Okada Y, Han B, Tsoi L, Stuart P, Ellinghaus E, Tejasvi T, Chandran V, Pellett F, Pollock R, Bowcock A, Krueger G, Weichenthal M, Voorhees J, Rahman P, Gregersen P, Franke A, Nair R, Abecasis G, Gladman D, Elder J, Bakker P, Raychaudhuri S. Fine mapping major histocompatibility complex associations in psoriasis and its clinical subtypes. Am J Hum Genet. 2014;95(2):162–72.
Psoriasis vulgaris (PsV) risk is strongly associated with variation within the major histocompatibility complex (MHC) region, but its genetic architecture has yet to be fully elucidated. Here, we conducted a large-scale fine-mapping study of PsV risk in the MHC region in 9,247 PsV-affected individuals and 13,589 controls of European descent by imputing class I and II human leukocyte antigen (HLA) genes from SNP genotype data. In addition, we imputed sequence variants for MICA, an MHC HLA-like gene that has been associated with PsV, to evaluate association at that locus as well. We observed that HLA-C(∗)06:02 demonstrated the lowest p value for overall PsV risk (p = 1.7 × 10(-364)). Stepwise analysis revealed multiple HLA-C(∗)06:02-independent risk variants in both class I and class II HLA genes for PsV susceptibility (HLA-C(∗)12:03, HLA-B amino acid positions 67 and 9, HLA-A amino acid position 95, and HLA-DQα1 amino acid position 53; p < 5.0 × 10(-8)), but no apparent risk conferred by MICA. We further evaluated risk of two major clinical subtypes of PsV, psoriatic arthritis (PsA; n = 3,038) and cutaneous psoriasis (PsC; n = 3,098). We found that risk heterogeneity between PsA and PsC might be driven by HLA-B amino acid position 45 (Pomnibus = 2.2 × 10(-11)), indicating that different genetic factors underlie the overall risk of PsV and the risk of specific PsV subphenotypes. Our study illustrates the value of high-resolution HLA and MICA imputation for fine mapping causal variants in the MHC.

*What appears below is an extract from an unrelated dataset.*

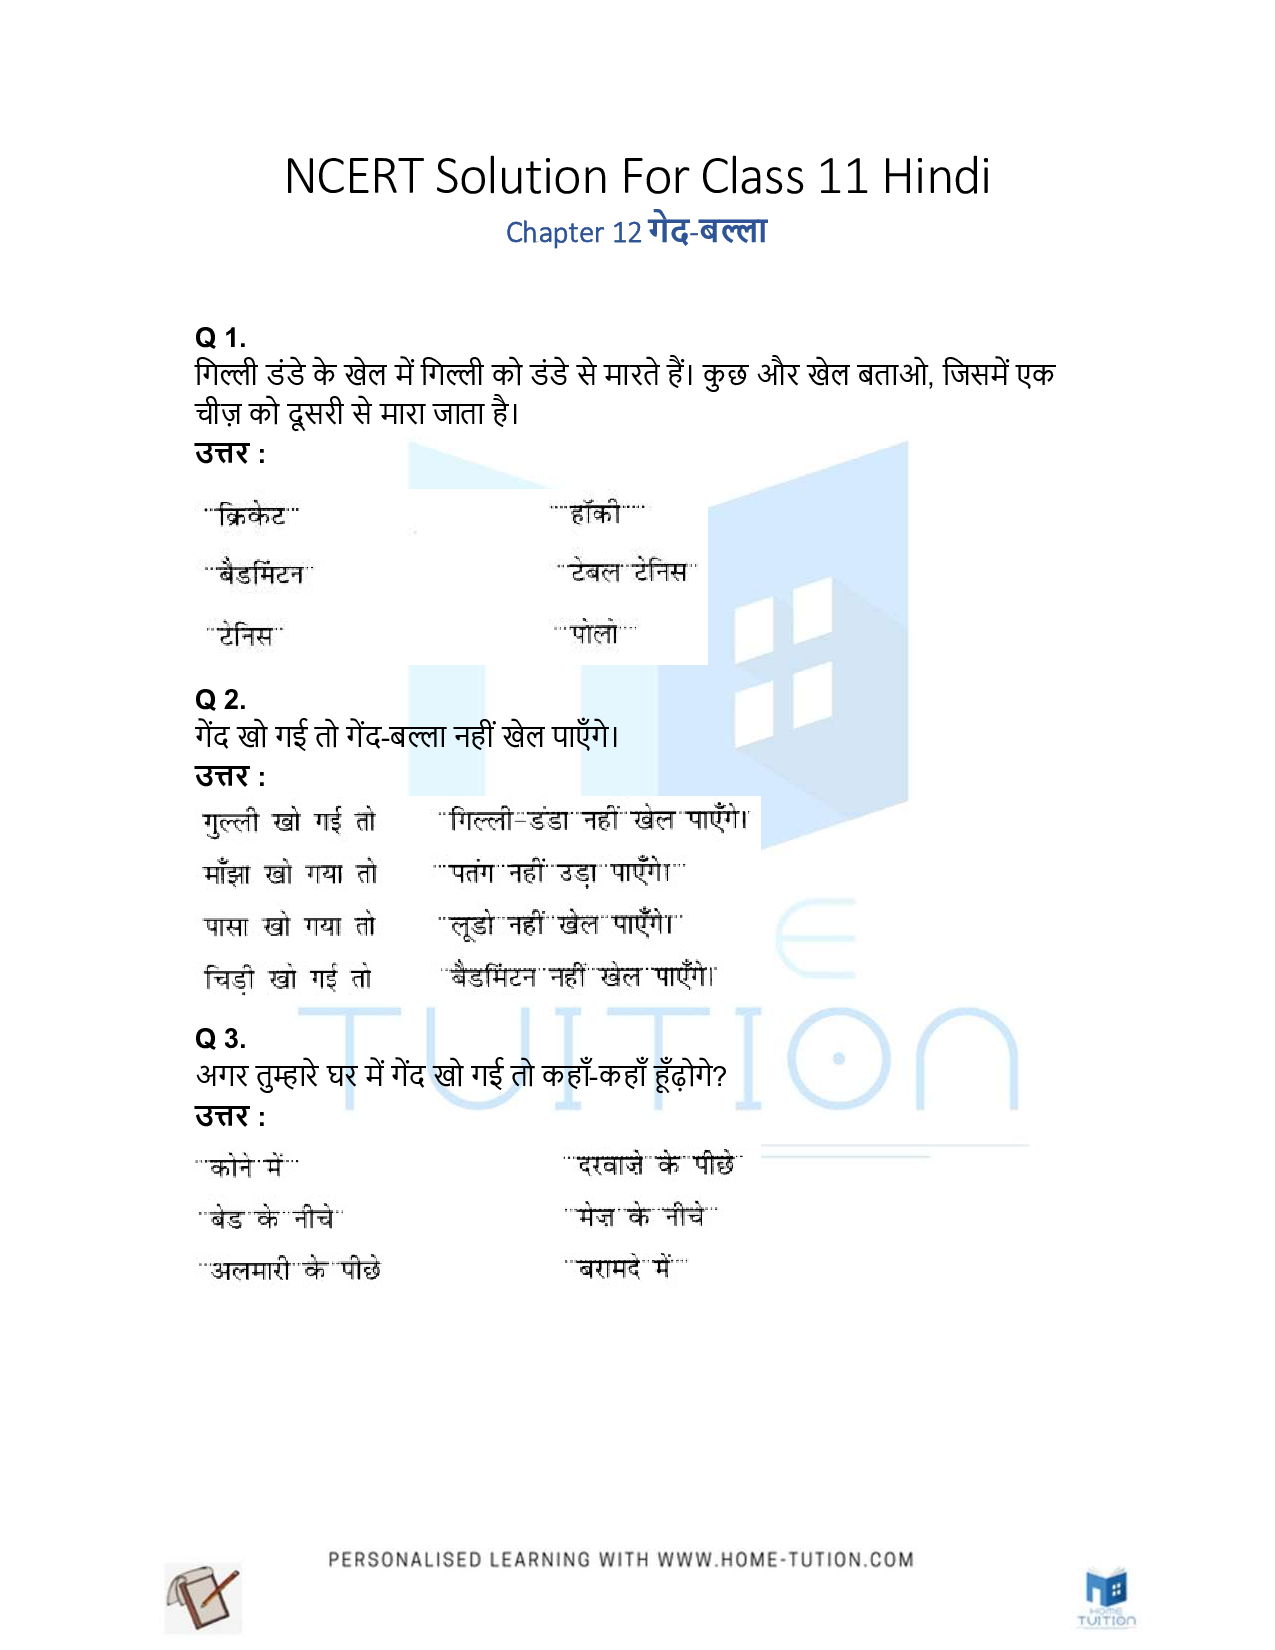 NCERT Solution for Class 1 Hindi Chapter 12 Gend Balla (गेंद-बल्ला)

Hu X, Kim H, Raj T, Brennan P, Trynka G, Teslovich N, Slowikowski K, Chen WM, Onengut S, Baecher-Allan C, De Jager P, Rich S, Stranger B, Brenner M, Raychaudhuri S. Regulation of gene expression in autoimmune disease loci and the genetic basis of proliferation in CD4+ effector memory T cells. PLoS Genet. 2014;10(6):e1004404.
Genome-wide association studies (GWAS) and subsequent dense-genotyping of associated loci identified over a hundred single-nucleotide polymorphism (SNP) variants associated with the risk of rheumatoid arthritis (RA), type 1 diabetes (T1D), and celiac disease (CeD). Immunological and genetic studies suggest a role for CD4-positive effector memory T (CD+ TEM) cells in the pathogenesis of these diseases. To elucidate mechanisms of autoimmune disease alleles, we investigated molecular phenotypes in CD4+ effector memory T cells potentially affected by these variants. In a cohort of genotyped healthy individuals, we isolated high purity CD4+ TEM cells from peripheral blood, then assayed relative abundance, proliferation upon T cell receptor (TCR) stimulation, and the transcription of 215 genes within disease loci before and after stimulation. We identified 46 genes regulated by cis-acting expression quantitative trait loci (eQTL), the majority of which we detected in stimulated cells. Eleven of the 46 genes with eQTLs were previously undetected in peripheral blood mononuclear cells. Of 96 risk alleles of RA, T1D, and/or CeD in densely genotyped loci, eleven overlapped cis-eQTLs, of which five alleles completely explained the respective signals. A non-coding variant, rs389862A, increased proliferative response (p=4.75 × 10-8). In addition, baseline expression of seventeen genes in resting cells reliably predicted proliferative response after TCR stimulation. Strikingly, however, there was no evidence that risk alleles modulated CD4+ TEM abundance or proliferation. Our study underscores the power of examining molecular phenotypes in relevant cells and conditions for understanding pathogenic mechanisms of disease variants.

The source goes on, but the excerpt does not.